Obviously, 2. ⇒ 4. ⇒ 1.
3. ⇒ 4. depends on the claim of consistency of arithmetic, at least its very poor
excerpt expressing the concept of injective Σ-algebra.
A rigorous interpretation of the question is whether this consistency is provable in Finite Set
Theory, which I do not know, but it does not seem very interesting anyway.
Let us refer instead to the intuitive obviousness of this consistency : we can interpret
and accept the point philosophically, by a switch of perspective.
Namely, we are implicitly assuming the consistency of our set theory, fancied as describing a
universe U (which just does not form "a set" from the same viewpoint).
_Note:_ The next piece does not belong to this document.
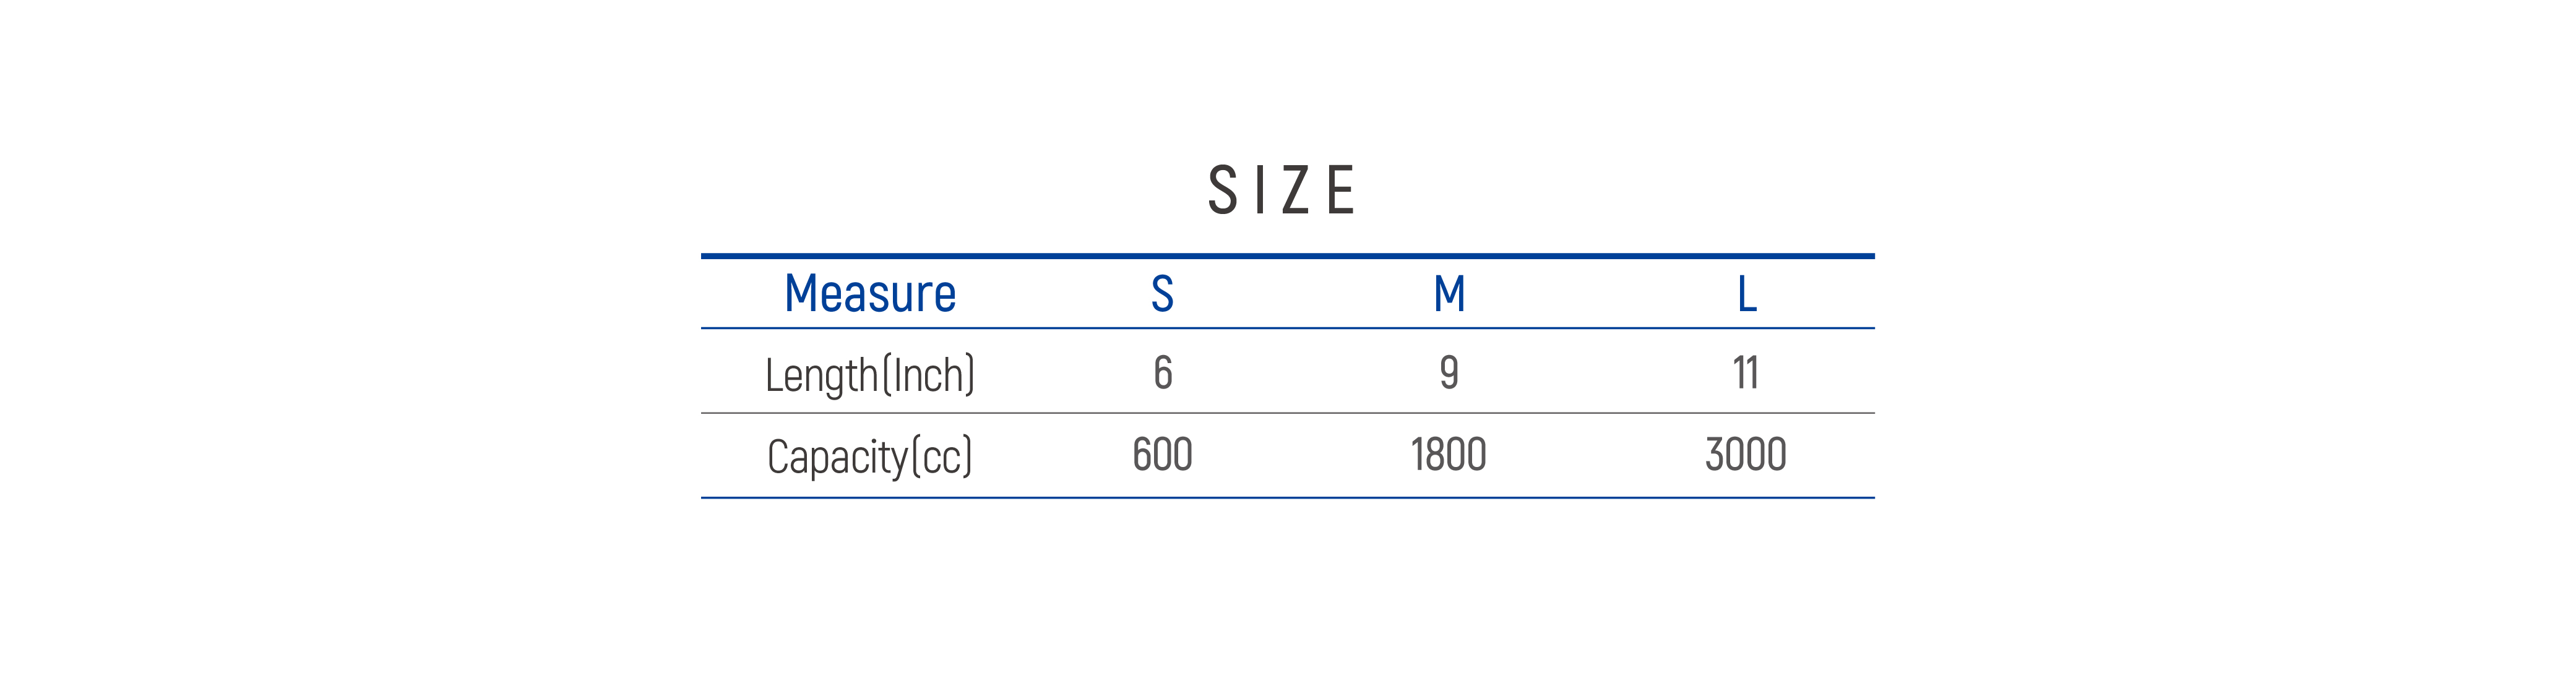 DR-IB001 Size table image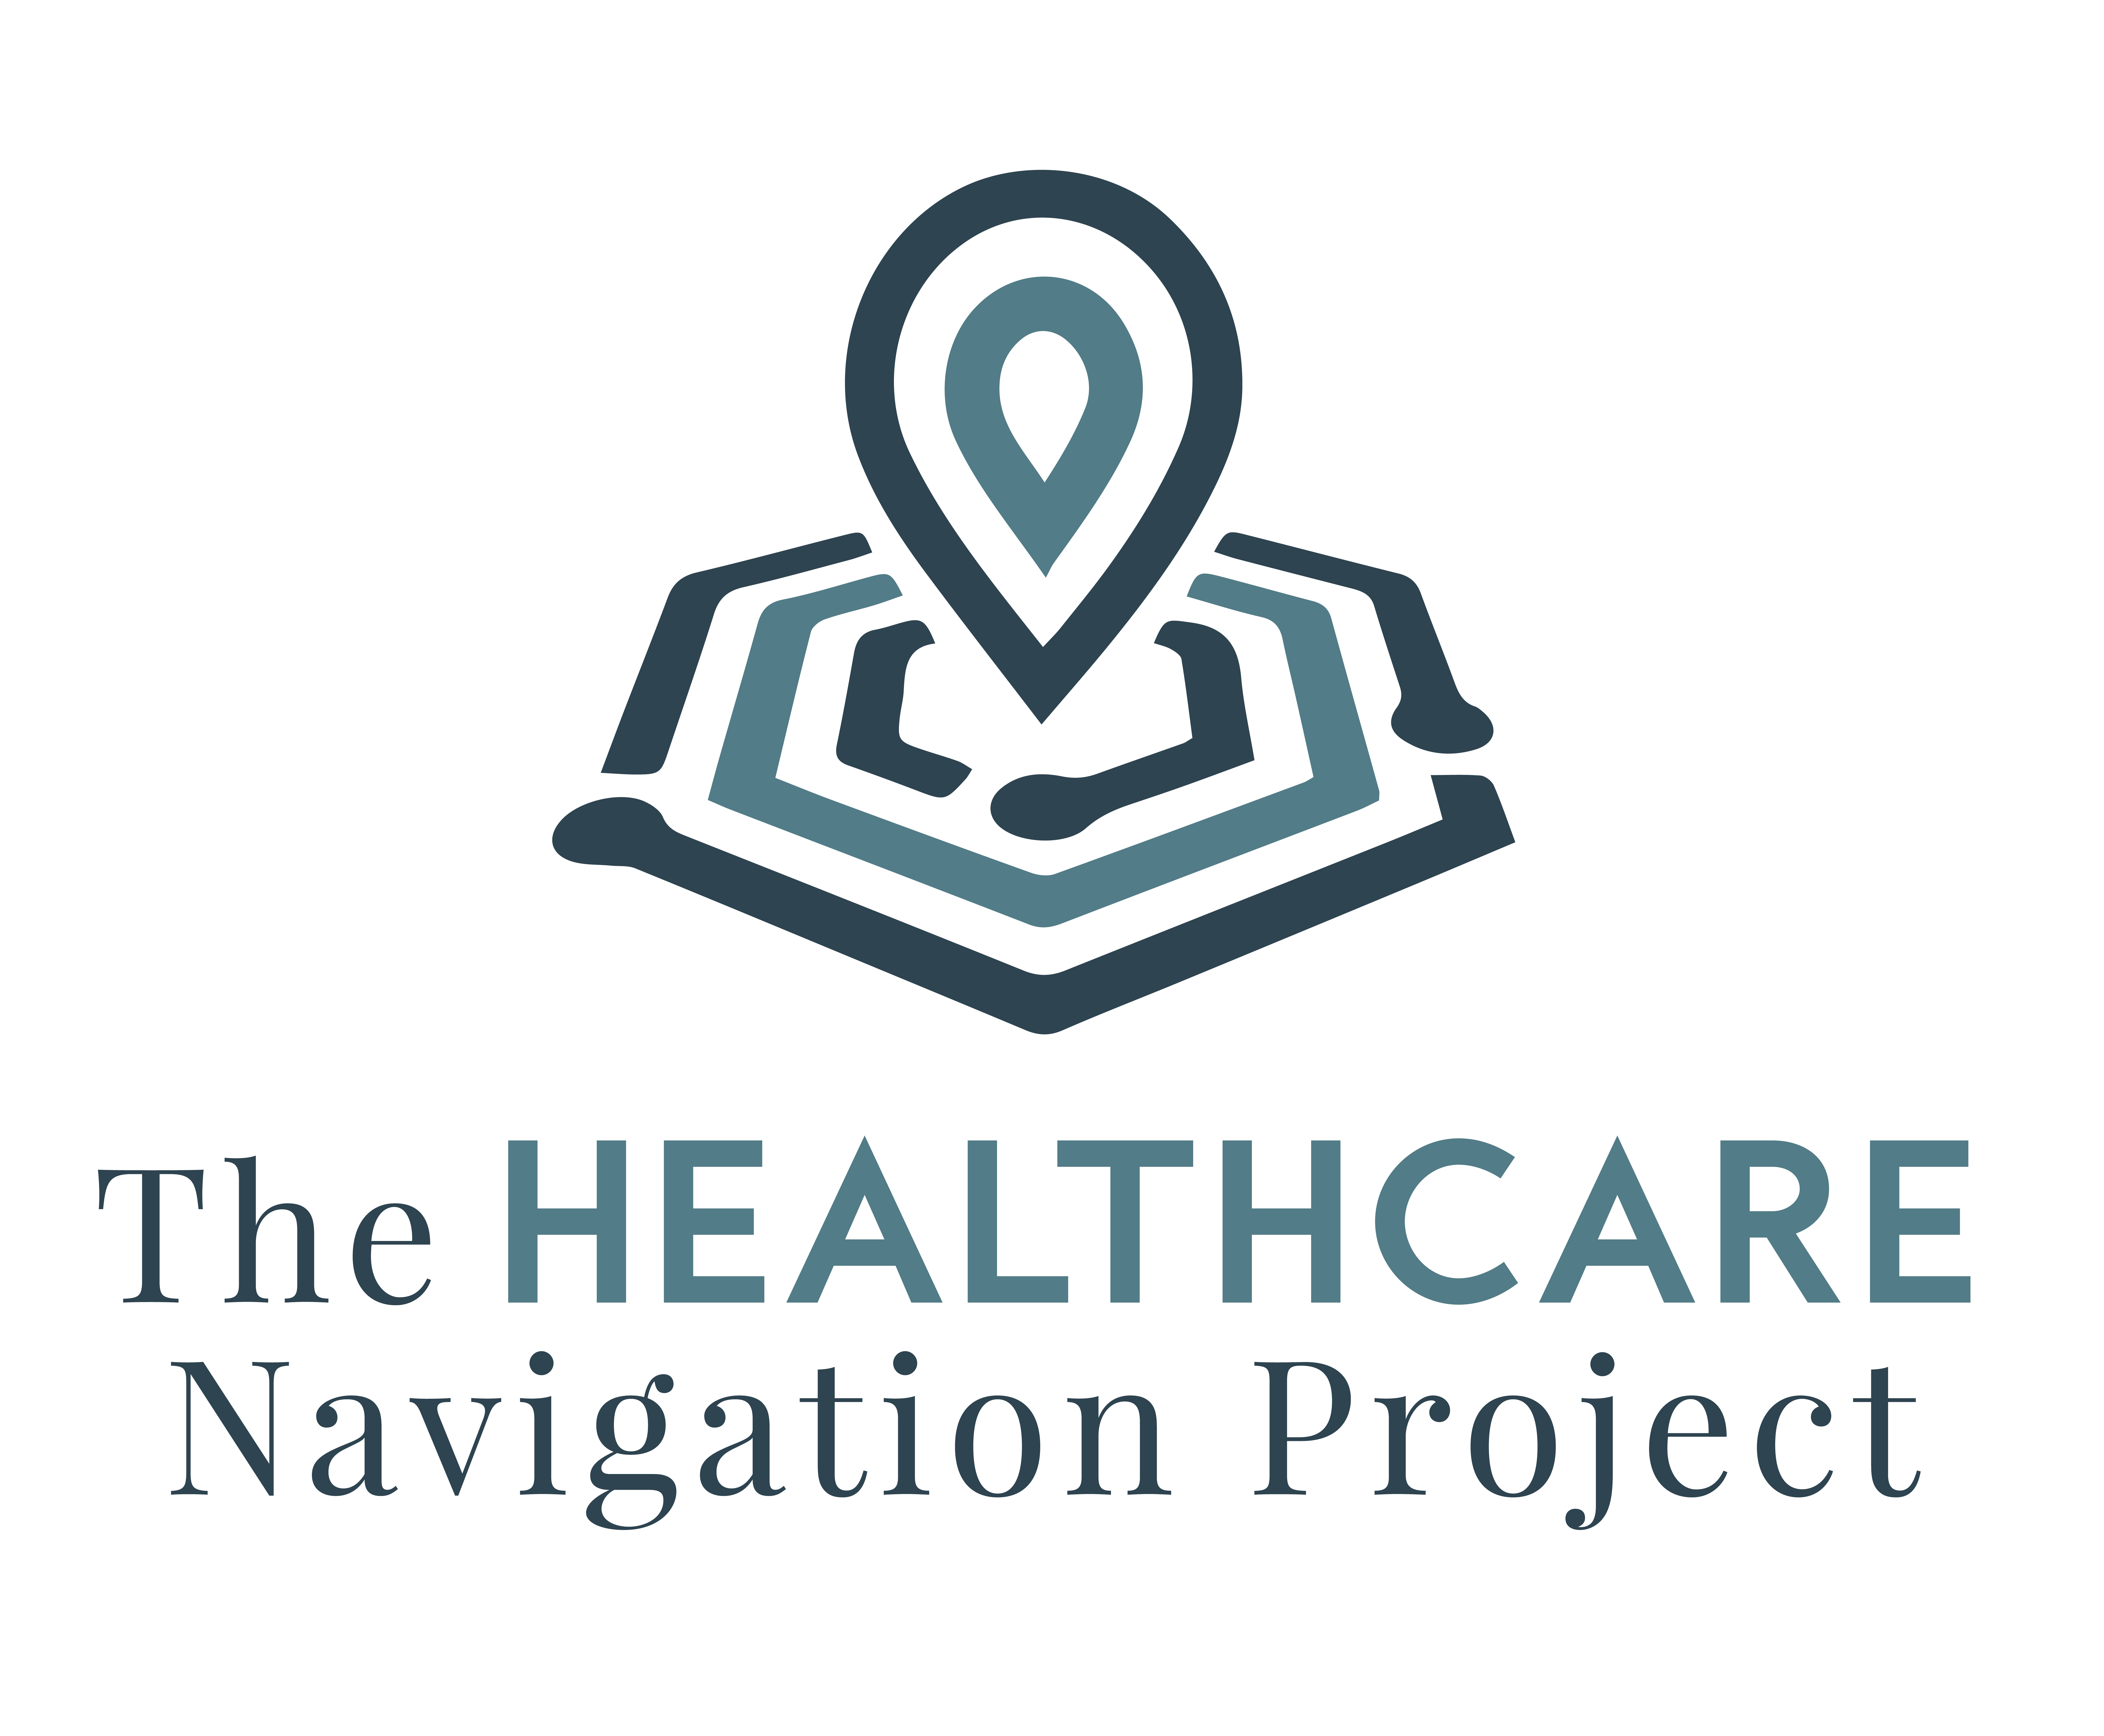 The Healthcare Navigation Project

The excerpt of
set theory which describes tuples forms a theory
describing U as an injective algebra with language made of the tuples definers.
Then 3. ⇒ 2. follows by noting, for any language L of algebraic symbols which belong
to U, that U is an injective L-algebra. If U is standard, this takes the simplified
conventional form LU ⊂ U, making
(U, IdLU) an injective L-algebra.
We shall focus on proving 1. ⇒ 2. ⇒ 3. below.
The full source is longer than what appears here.